The most common alternative to long-termism is to try to identify “mega-trends” and build a strategy around them. Some are fairly safe bets. India will consume more energy in the future. Digital payments will become ubiquitous. The usual problem is that everyone else has already spotted the same trends. Capital pours into the opportunity, pushing down returns. One example is the frenzy over commodities and emerging markets in 2004-10. Many multinationals lost their shirts on expensive acquisitions and greenfield projects in saturated markets. Today’s red-hot mega-trends are big data and artificial intelligence. While these phenomena are real, their returns will probably be in inverse proportion to their fashionability.

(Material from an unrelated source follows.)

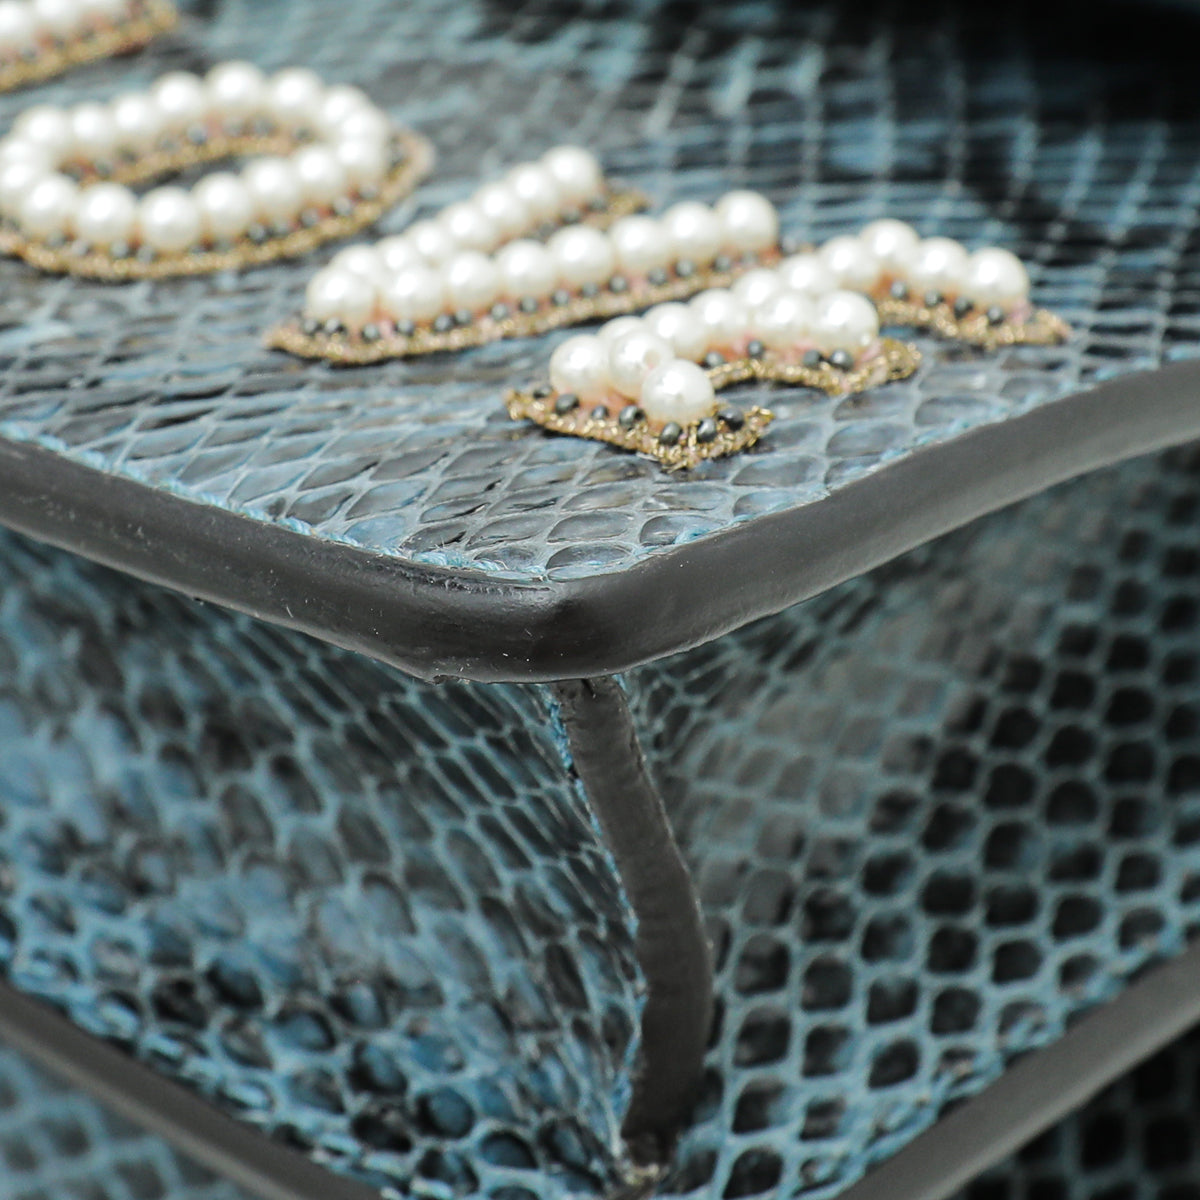 Gucci Marine Blue Python Crystal Embellished "Blind for Love" Dionysus Bag

Lionising the long term and chasing mega-trends can thus both be traps. A more pragmatic, nuanced approach makes better sense. The first step is to maintain a balance between different time horizons. It is no good brilliantly predicting consumer behaviour in 2027 if you misjudge counterparty risk today. And it is a hollow victory to beat expectations for one quarter’s results if your main patents expire the following month.
Second, it is essential to have “optionality”, or plenty of irons in the fire. In hindsight it is tempting to assume that a successful firm’s triumph was guaranteed. But this is not the case. Amazon has had flops (its Fire phone and expansion in China) even as it got the future right with its big bets on cloud computing and the Kindle. Options are expensive to maintain since they often burn cash. So the best firms mitigate this by providing consistent performance in their “core” businesses in the here and now.
Last, because events in the outside world are so hard to predict, it pays to look inward. Culture is a squidgy concept, but successful firms need people who are adaptable but self-confident enough not to be swung too much by fashion, as well as balance-sheets that are strong enough to absorb mistakes. Goldman Sachs has made a poor strategic choice over the past half-decade, by refusing to shrink its misfiring bond-trading division. But it still attracts and retains brainy, ambitious people and is well capitalised, which should give it a decent shot at revival under its new chief executive, David Solomon (see article).
最后，因为外部世界的事件是如此难以预测，所以向内看是值得的。文化是一个模糊的概念，但是成功的公司需要适应能力强但足够自信的人而不会被时尚所左右，也需要足够强大的资产负债表来吸收错误。高盛(Goldman Sachs)在过去5年里做出了一个糟糕的战略选择，拒绝缩减其失败的债券交易部门。但它仍然吸引并留住了聪明、有抱负的人才，而且资本充足，这应该会让它在新任首席执行官大卫•所罗门(David Solomon)的领导下有一个体面的复兴机会。
The history of business is often told through inspirational stories about destiny being fulfilled. Occasionally these paint an accurate picture. Andrew Carnegie foresaw that America would need an integrated national market for steel by the late 19th century. Steve Jobs had a vision of how smart devices would change the world and set about inventing them. But for most companies, especially ones in mature economies, facing the future is far more prosaic. Balance, optionality and poise matter more than an overwhelming conviction about the world in two decades hence. Too much emphasis on the distant future is a waste of time.